Start of The data
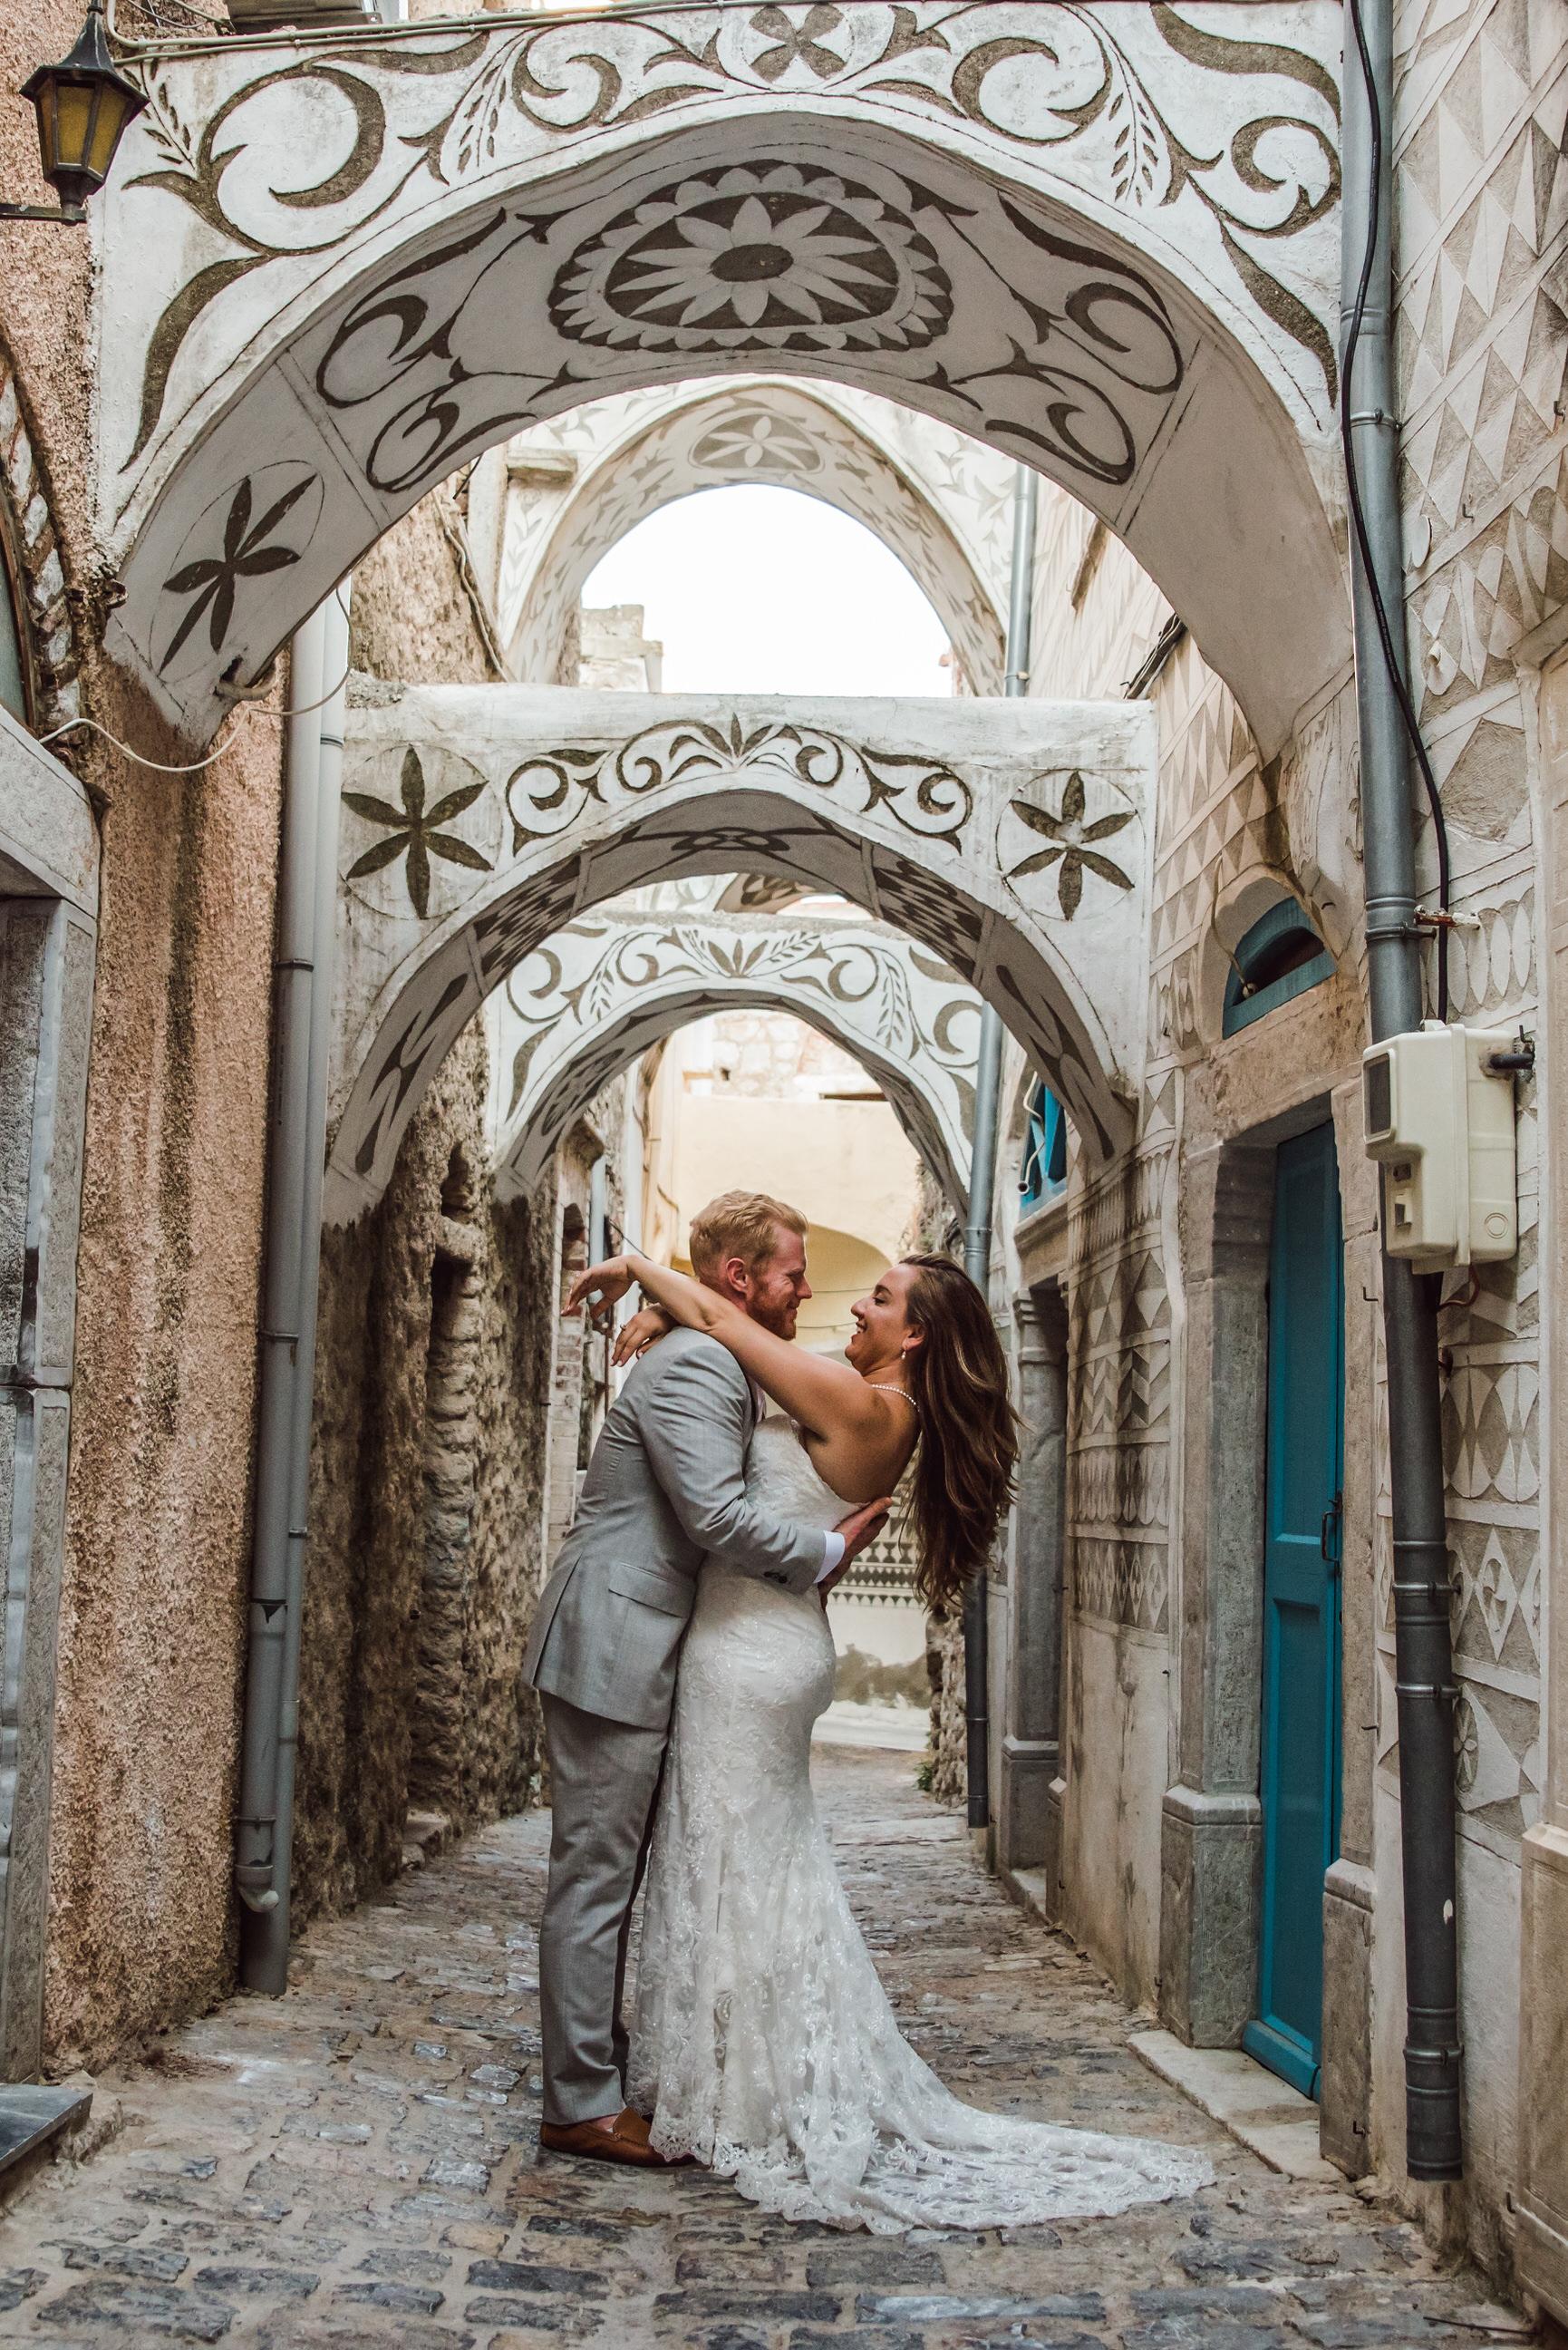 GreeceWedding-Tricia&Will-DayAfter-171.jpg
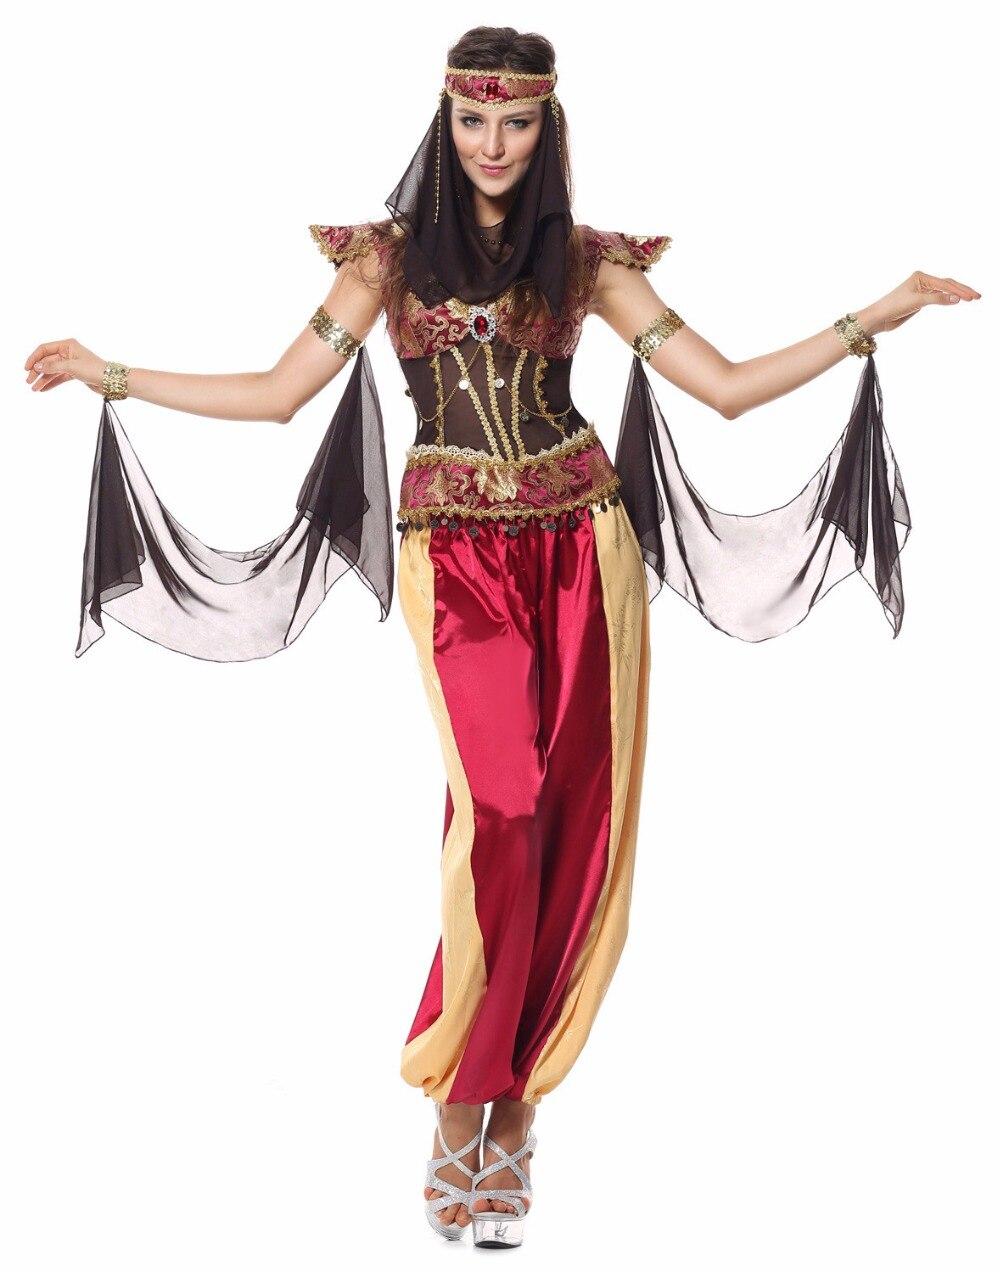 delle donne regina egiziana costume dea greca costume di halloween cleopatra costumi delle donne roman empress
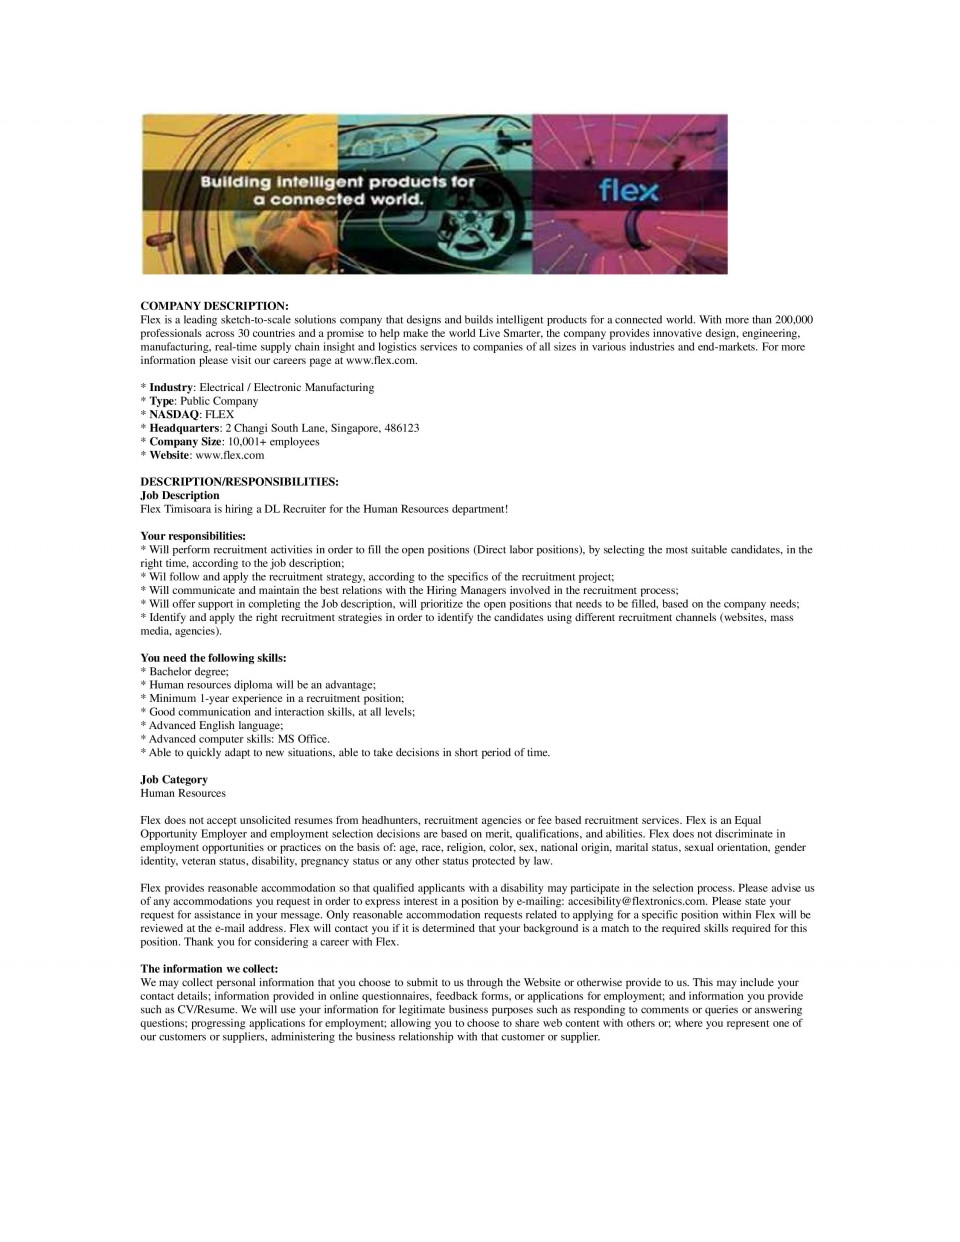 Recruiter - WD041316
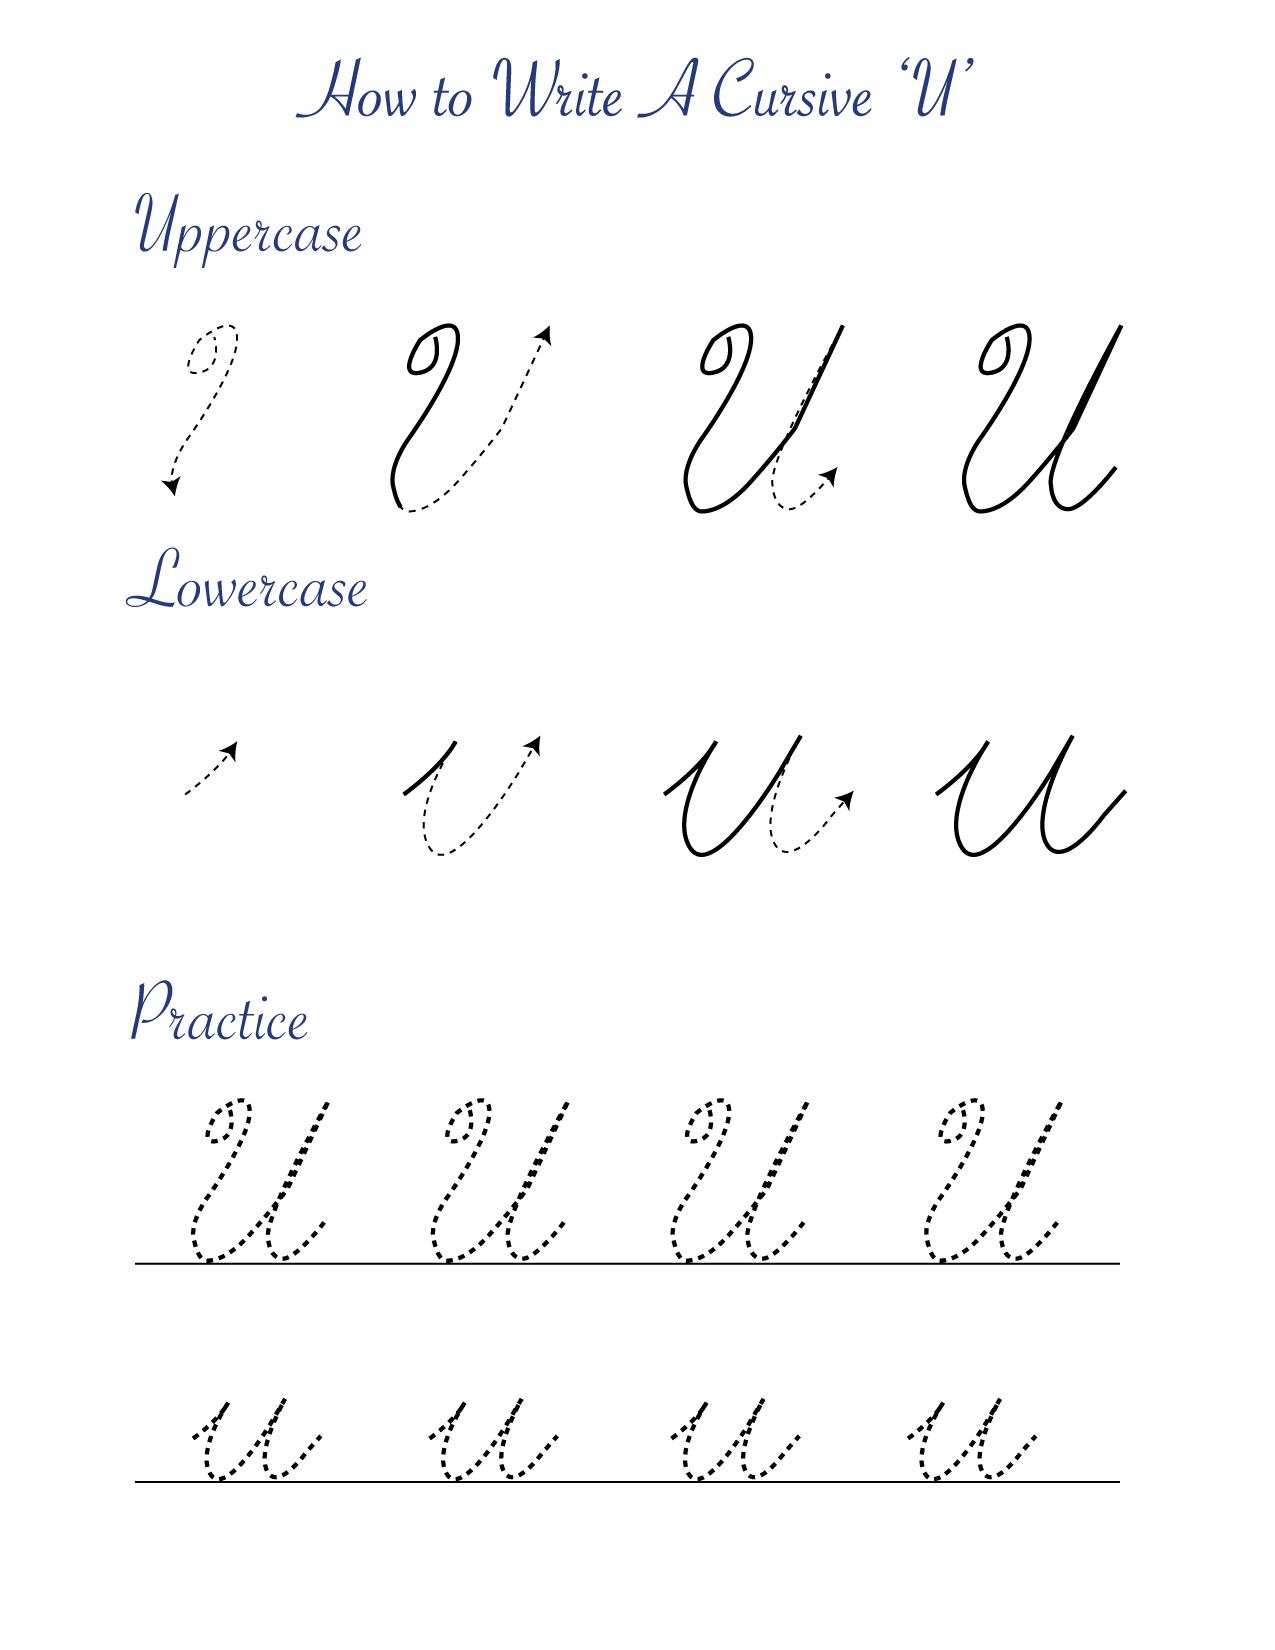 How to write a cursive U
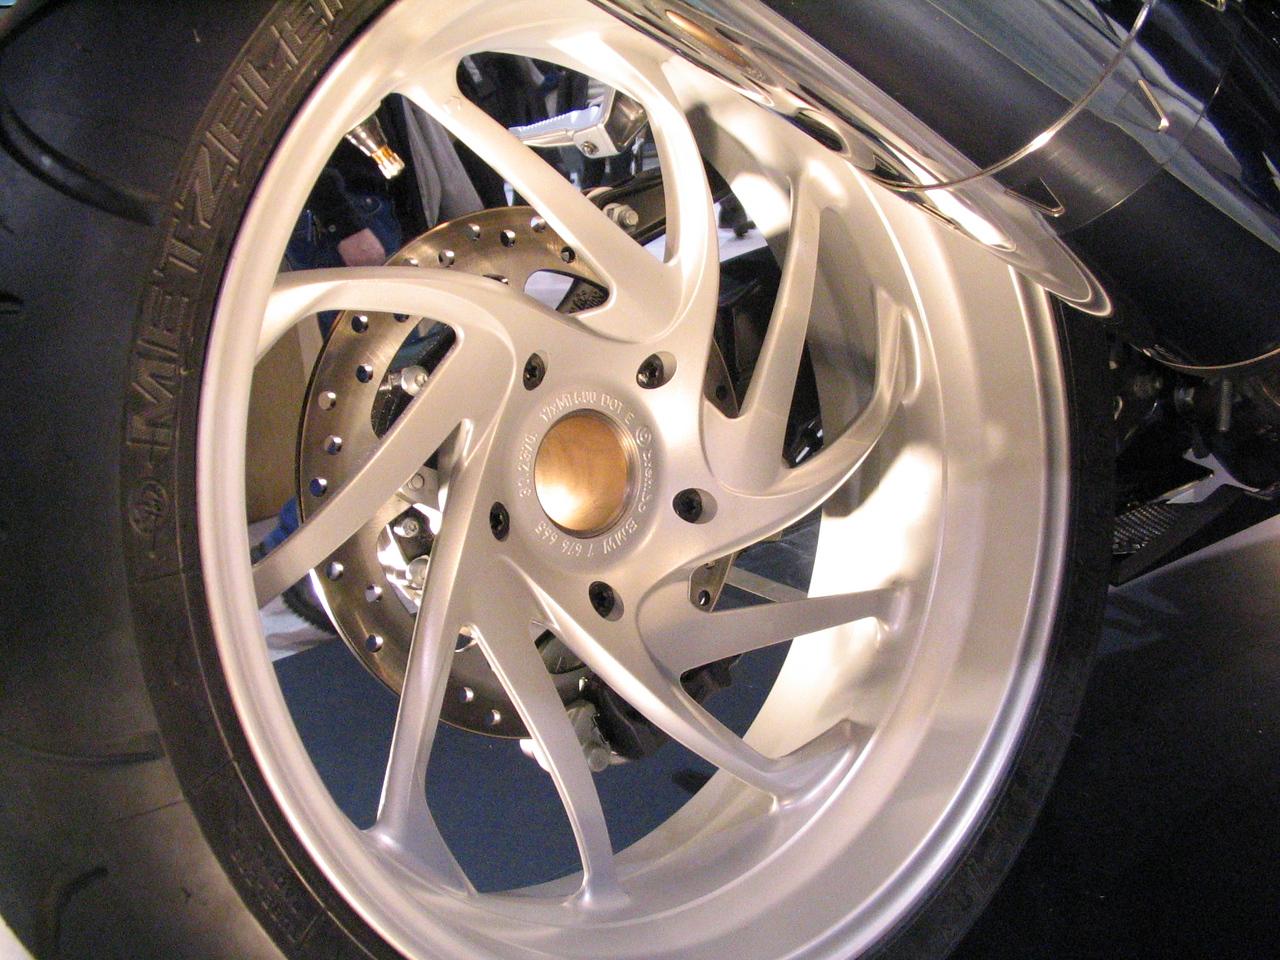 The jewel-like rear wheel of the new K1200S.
End of The data
Leaving out any images, restate every record word for word.

» Reply:
 GreeceWedding-Tricia&Will-DayAfter-171.jpg
 delle donne regina egiziana costume dea greca costume di halloween cleopatra costumi delle donne roman empress
 Recruiter - WD041316
 How to write a cursive U
 The jewel-like rear wheel of the new K1200S.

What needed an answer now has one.